Nina inspira profondément.

— Il m’arrive parfois de…

Elle tentait de réfréner ses larmes.

— Parfois, je voudrais tellement me rappeler le moment où je l’ai égorgé.

Environ une heure plus tard, c’était le tour de Konrad. Assis aux côtés de son avocat comme Nina, il semblait calme et posé au début de l’interrogatoire. Il manquait de sommeil, il affirmait n’avoir pas fermé l’œil de la nuit. Sa femme avait eu la tâche difficile d’expliquer à leur fils de San Francisco la tragédie qui s’était abattue sur la famille et il était terriblement inquiet pour sa fille.

— Comment va Nina ? furent les premiers mots qu’il prononça.

— Elle ne va évidemment pas très bien, répondit Elinborg. Nous allons essayer d’en finir aussi vite que possible.

— Je ne comprends pas comment vous pouvez imaginer que j’aie quoi que ce soit à voir avec la mort de cet homme. Je sais bien que j’ai dit que j’aurais préféré que ce soit moi qui l’aie tué plutôt que ma fille. Je crois d’ailleurs que ce serait la réaction de n’importe quel père. Et je suppose que vous diriez la même chose à ma place.

— Il ne s’agit pas de moi, fit remarquer Elinborg.

— J’espère que vous n’avez pas pris mes paroles comme des aveux.

— Pourquoi n’avez-vous pas contacté la police quand vous avez compris ce qui s’était passé chez Runolfur ?

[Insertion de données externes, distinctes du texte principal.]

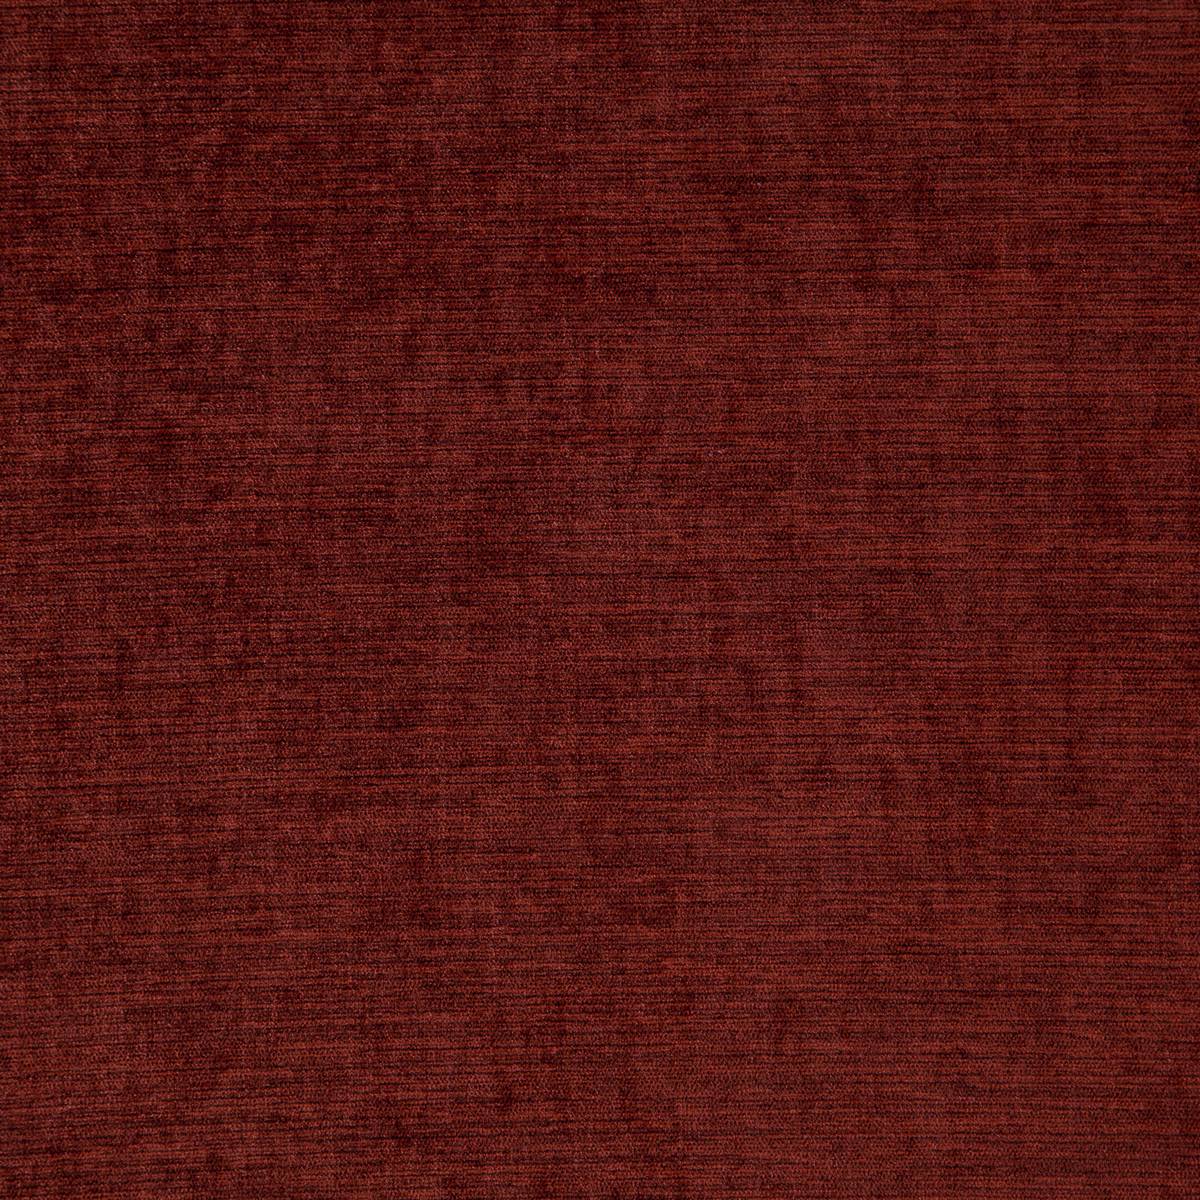 Tressillian Bordeaux Fabric by Prestigious Textiles

— C’était une erreur, répondit Konrad. J’en ai conscience. Jamais nous n’aurions pu vivre avec cela. Nous l’avons su dès le début. Je sais qu’il vous est difficile de le comprendre, mais essayez de vous mettre à notre place. Il me semblait que Nina en avait déjà assez subi et je me disais que ce n’était pas si grave tant que vous, la police, n’aviez pas connaissance de son existence dans cette affaire. Il n’y avait rien qui les reliait. Ils s’étaient rencontrés dans un bar. Elle n’avait dit à personne où elle était ni avec qui. J’ai essayé de ramasser tous ses vêtements. Je n’ai pas vu ce châle.

— Pourrions-nous aborder la manière dont vous avez pénétré dans l’appartement de Runolfur ? Je n’ai pas très bien saisi les choses.